Plus, this man and I have philosophical conversations like this all the time.
As always, Gordon,
As always, Gordon, wonderful.
Mmm
That's really really good.
"Anarchy wears two faces,
"Anarchy wears two faces, both creator and DESTROYER.
Thus destroyers topple empires; make a canvas of clean rubble where creators can then build a better world.
Rubble, once achieved, makes further ruins' means IRRELEVANT.
Away with our explosives,then!
Away with our destroyers! They have no place within our better world.
But let us raise a toast to all our bombers, all our bastards, most unlovely, and most unforgivable, then meet with them no more."
I used to teach creative and
I used to teach creative and personal writing workshops to survivors of violence. I heard stories everyday that tore at my heart. As the trust and caring in our groups developed, the disclosures became more heartbreaking.
None of these students wanted to be soothed or protected. Matter of fact questions and conversations about their experiences validated their stories. Shying away from the complexity of reality was insulting. Unless the person was in crisis, calm and rational discussion that challenged the writer and listener’s understanding of the world benefited everyone at the table.

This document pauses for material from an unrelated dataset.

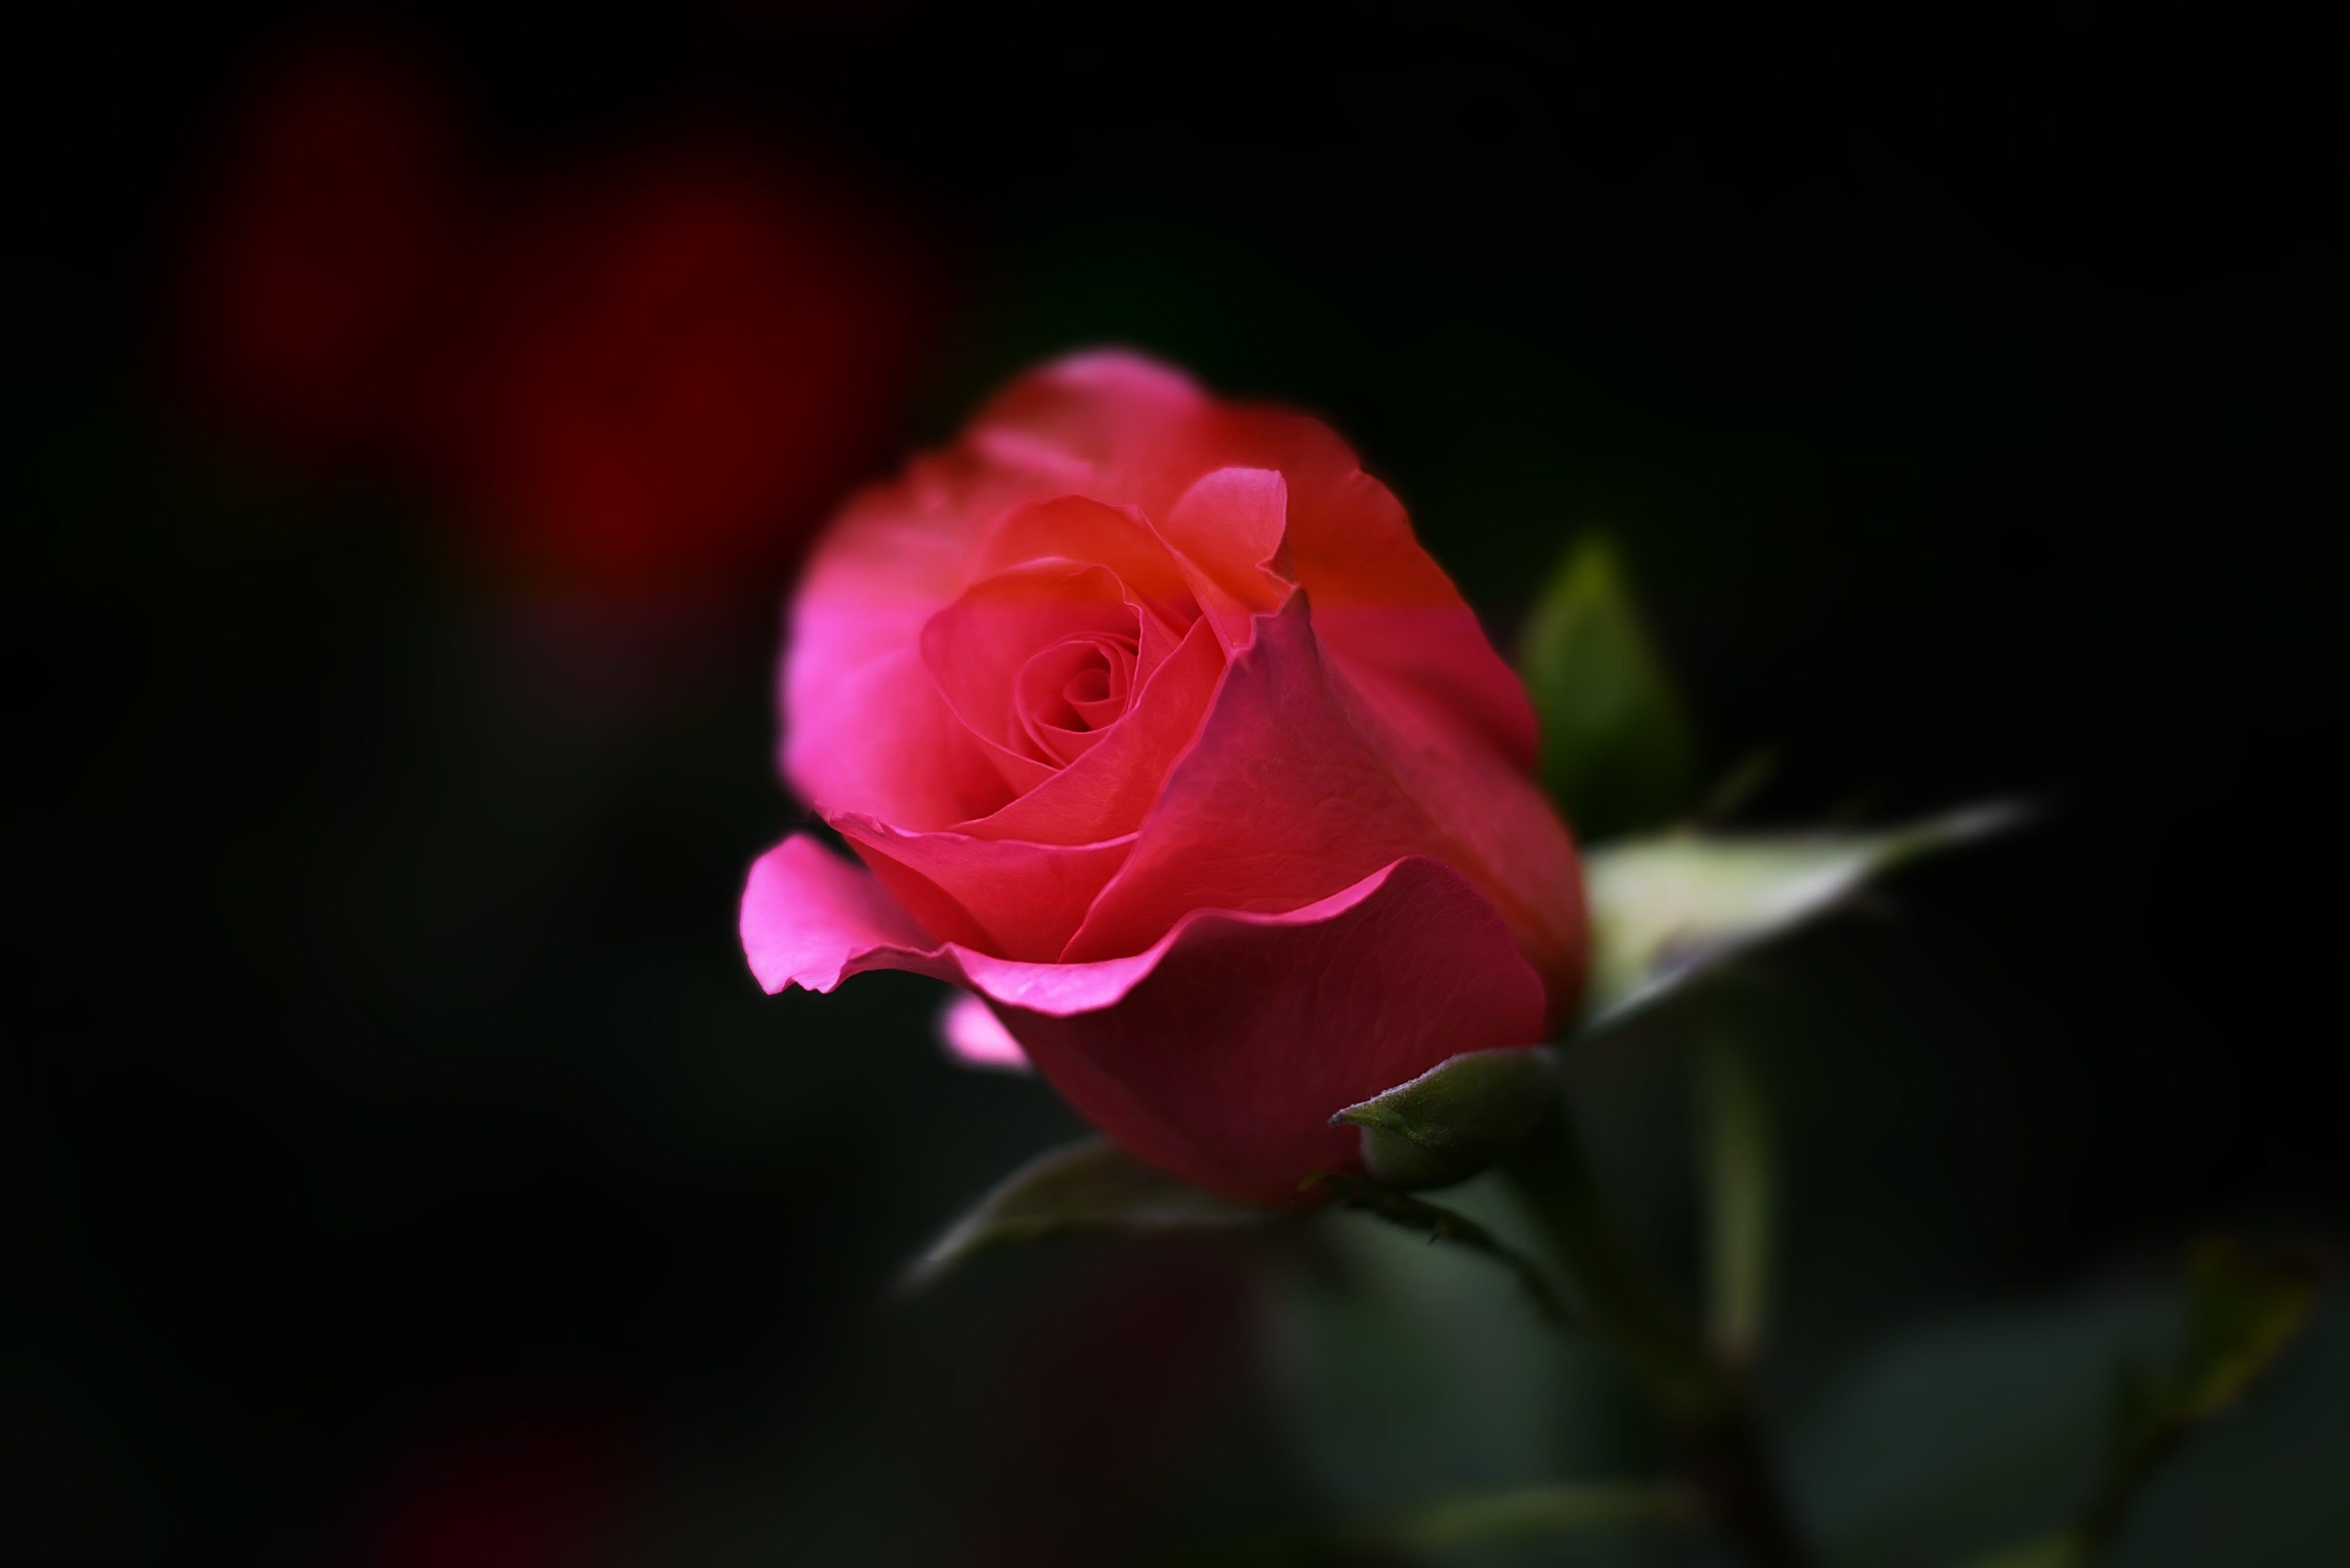 beauty, black background, bloom

Of course, this was all taught to me through the experience of these classes. Originally, I was a person who cringed at asking difficult questions. But that was my fear of being uncomfortable or of “doing the wrong thing.” I had learned to trust that the shared story was a generous and tough gift and not to worry about breaking it.
Ive worked with a lot of
Ive worked with a lot of survivors of violence. There are many paths toward a sense of healing. And there is not one pattern that fits all. But for some there is a moment of deep healing when they can forgive their violator. Not necessarily in the form of reconciliation, most often that would be truly unwise. But it is in that moment when they can say something to the effect of "I really like who I am. The abuse does not define me but if it hadn't happened, if my life had not unfolded in this way then I would not be who I am." It is a similar move as your question “If she hadn’t run away from home and had that happen, you wouldn’t have been born.”
In the presence of that depth of forgiveness I am humbled.
I can't comprehend that.
I can't comprehend that. Maybe no one can until they have to. Of course, in this story it takes two generations. We don't know about the woman who was raped. Nor do we know about her son who bore a lot of scars from it. But her grandson wasn't really touched by it. So even without trying, time and generations set things right.
Of course many times people become even more victimized and become perpetrators themselves. And the evil grows. But even if it grows for generations, all it takes is one person to stop passing it on.